Un traguardo raggiungibile solo “facendo rete”, appunto.
E per capirci tutti abbiamo introdotto come linguaggio comune a tutti gli operatori della rete l’utilizzo della Icf (International classification of functioining, disability and health), che classifica lo stato di salute della persona secondo una scala univoca: chiunque, in un contesto ambientale sfavorevole, può diventare persona con disabilità.
Si insiste molto sul concetto di uguaglianza. Una rivoluzione culturale innescata dalla Convenzione delle Nazioni Unite sui diritti delle persone con disabilità del 13 dicembre 2006.

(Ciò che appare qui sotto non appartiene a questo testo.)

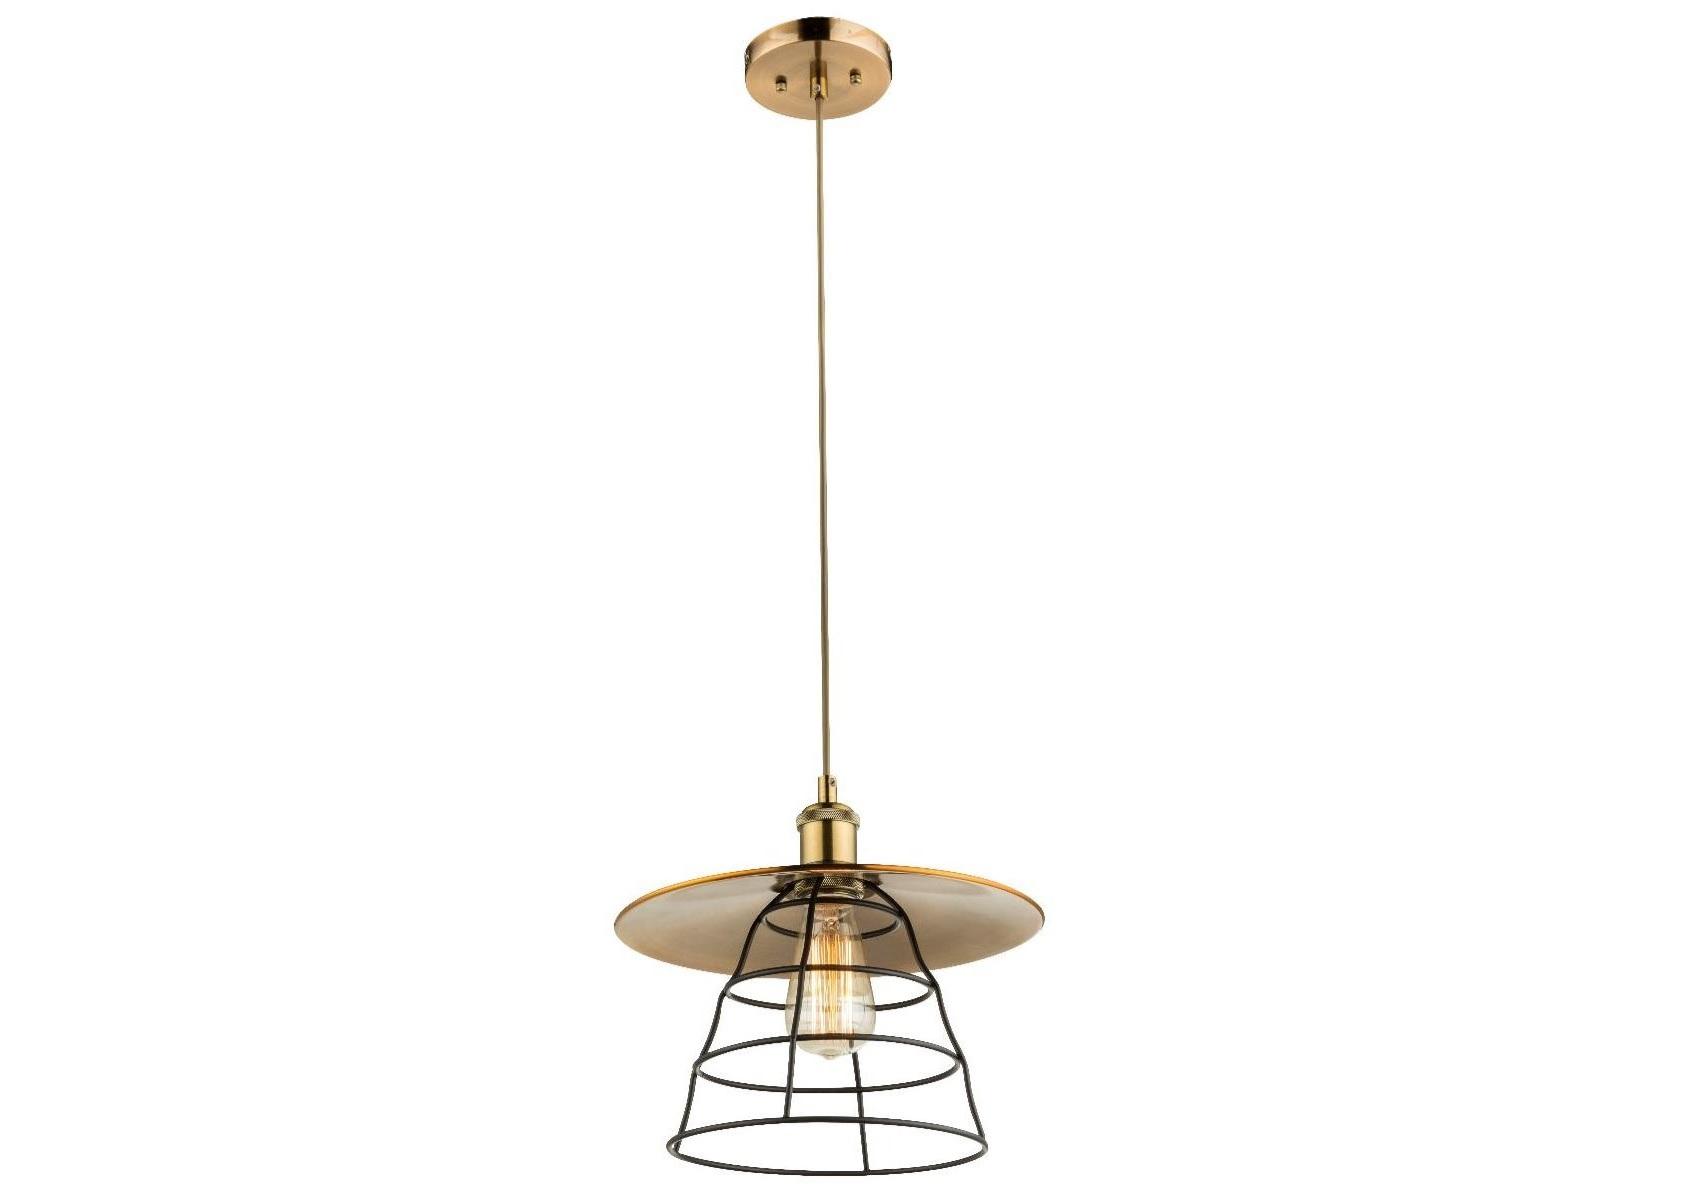 Светильник подвеснойПодвесные светильники<br>&amp;lt;div&amp;gt;&amp;lt;div&amp;gt;Вид цоколя: E27&amp;lt;/div&amp;gt;&amp;lt;div&amp;gt;Мощность лампы: 60W&amp;lt;/div&amp;gt;&amp;lt;div&amp;gt;Количество ламп: 1&amp;lt;/div&amp;gt;&amp;lt;/div&amp;gt;<br><br>Material: Металл<br>Высота см: 150

All’articolo 19 dice che tutte le persone con disabilità hanno diritto a vivere nella società, con la stessa libertà di scelta delle altre persone. Non solo: gli Stati aderenti, quindi anche l’Italia, che ha ratificato la Convenzione il 3 marzo 2009 con la legge 18, si impegnano a facilitare il pieno godimento da parte delle persone con disabilità di tale diritto e la loro piena integrazione e partecipazione nella società. Le sembra possibile?.
Me lo dica lei: è ottimista?
Certo. Altrimenti mi chiuderei in casa. Invece non voglio guardare indietro, ma avanti.